How is TADA different from other TTS models like ElevenLabs or Bark?

TADA's core difference is its tokenization approach. By aligning text and audio one-to-one, it avoids the speed and reliability tradeoffs that come with managing mismatched token sequences. Most other LLM-based systems have to choose between speed, quality, and reliability — TADA's architecture attempts to address all three simultaneously.

Can TADA run offline on a phone?

According to Hume, yes — TADA is lightweight enough for on-device deployment on mobile phones and edge devices without requiring cloud inference.

What languages does TADA support?

The current release supports English and seven additional languages. Hume says they are training larger models with broader language coverage.

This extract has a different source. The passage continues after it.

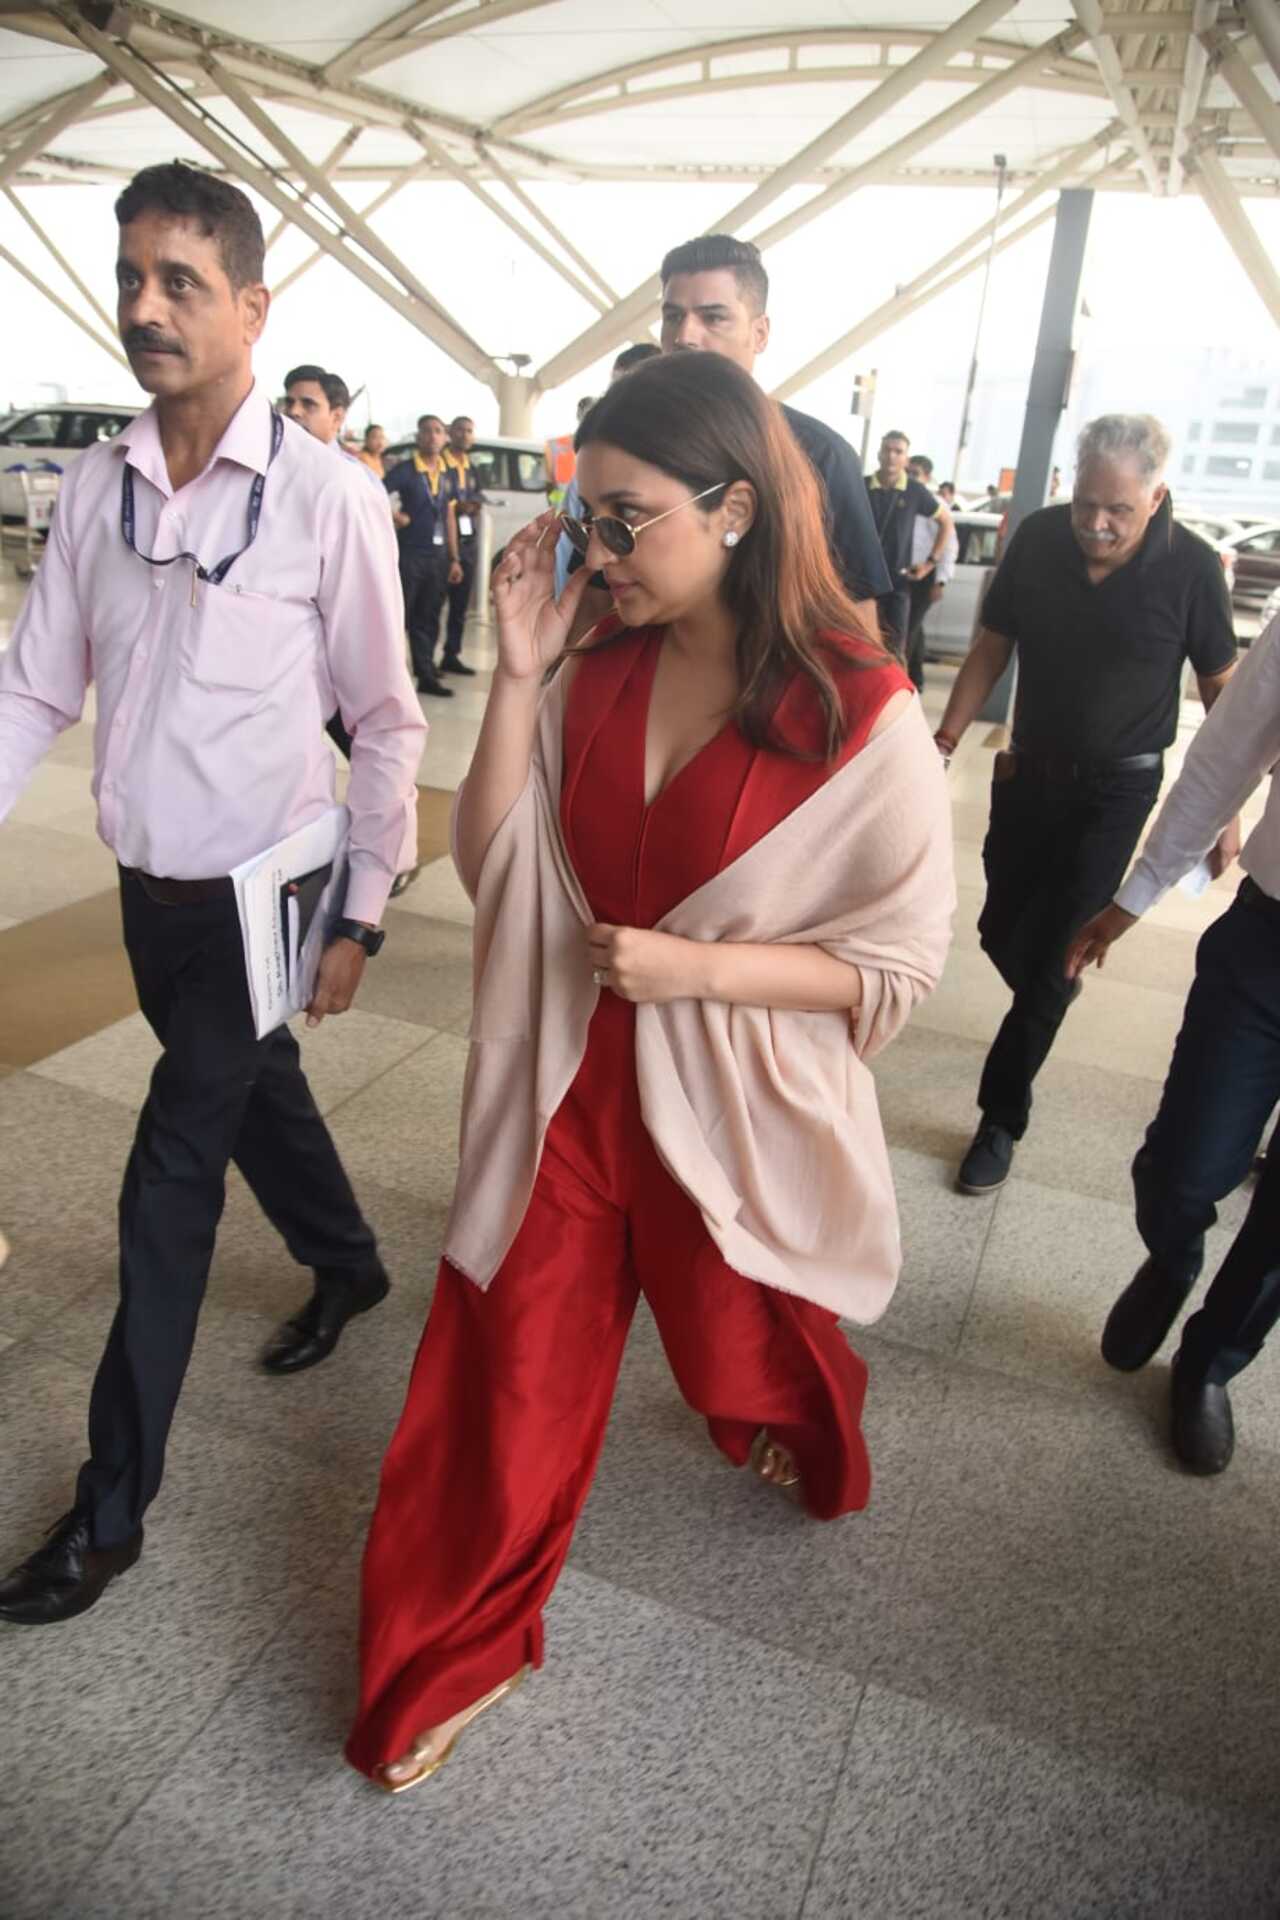 Parineeti was seen in a red jumpsuit with a peach shawl on her. She wore black shades along with her outfit. Raghav, on the other hand, was seen in a simple polo T-shirt and denims

Does TADA require fine-tuning to use?

For basic speech continuation tasks, no. But for assistant-style scenarios — where you want the model to respond conversationally — Hume says further fine-tuning is required.

Bottom Line

TADA is a technically interesting release that addresses real, well-documented problems in LLM-based speech generation — speed, context length, and hallucinations — through a structural change to how text and audio tokens are aligned. The fact that it's fully open source means the research community can verify, build on, and stress-test these claims independently.

The limitations are real, and Hume doesn't hide them. Speaker drift on long outputs and the modality gap are genuine open problems. But for developers who need fast, reliable, on-device speech generation today — especially for long-form content — TADA is worth a close look.